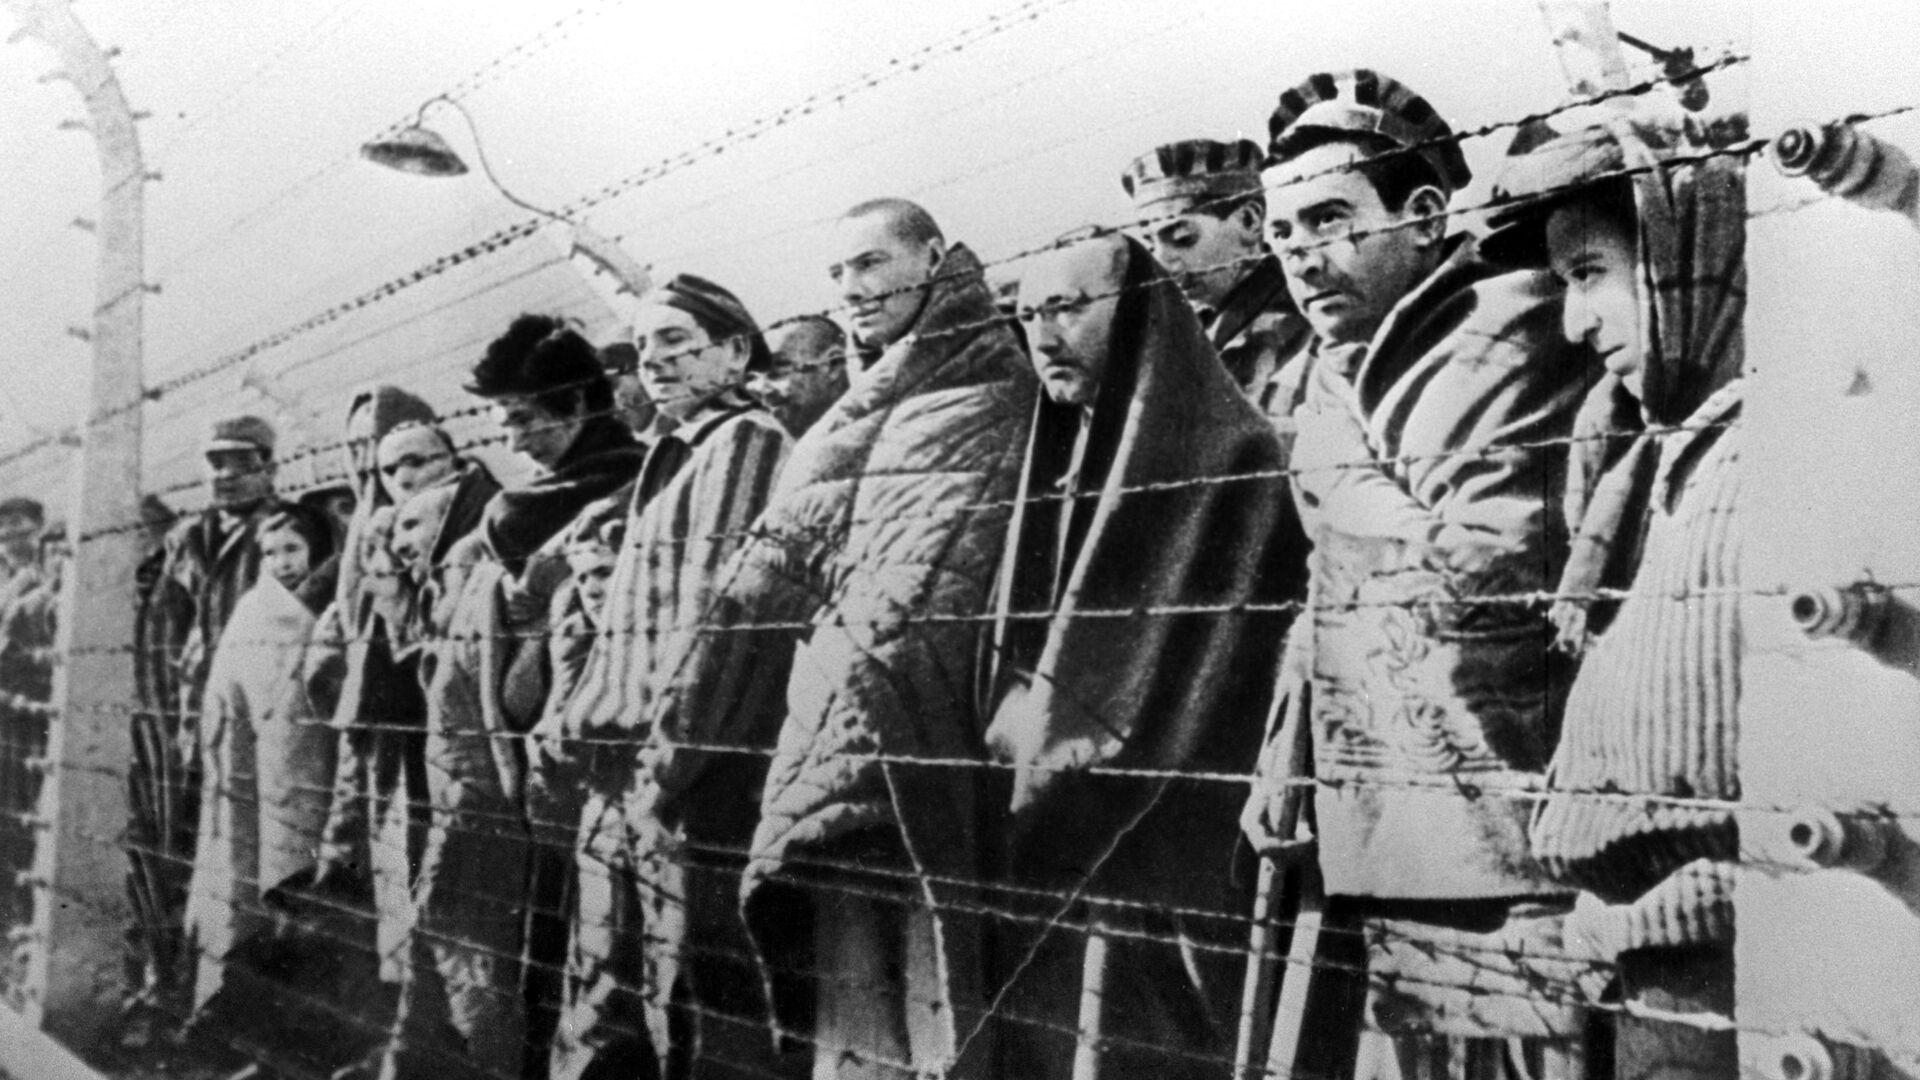 Узники концентрационного лагеря Освенцим, освобожденные войсками Красной армии в январе 1945 года - Sputnik Узбекистан, 1920, 22.07.2021
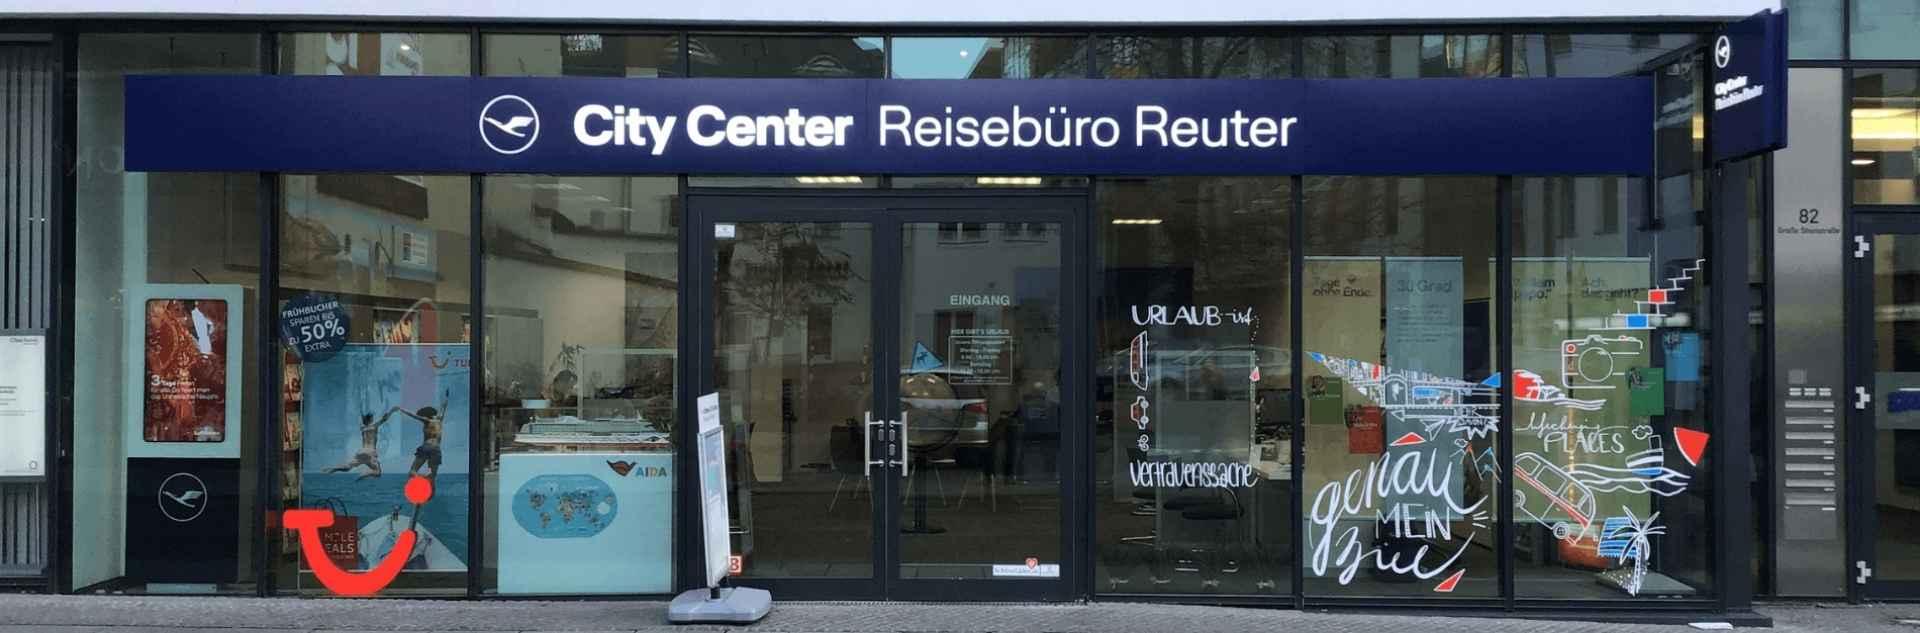 Reisebüro Reuter Halle Außenansicht
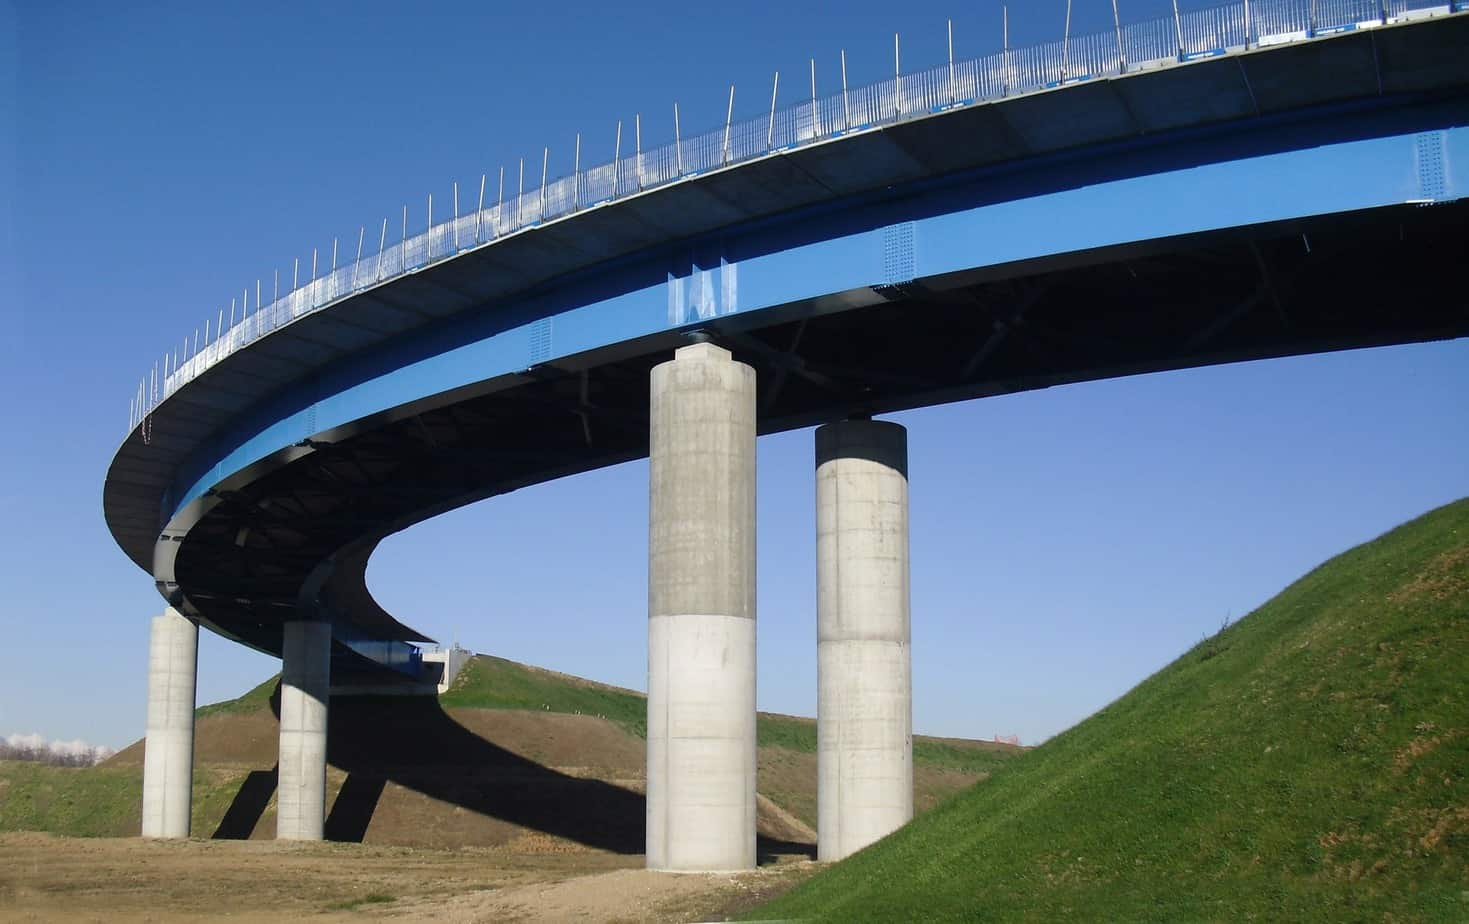 Un viadotto in curva a struttura mista acciaio-calcestruzzo

| The problem |
Could you copy the listing exactly, leaving out any pictures?

| Solution to this task |
 Узники концентрационного лагеря Освенцим, освобожденные войсками Красной армии в январе 1945 года - Sputnik Узбекистан, 1920, 22.07.2021
 Reisebüro Reuter Halle Außenansicht
 Un viadotto in curva a struttura mista acciaio-calcestruzzo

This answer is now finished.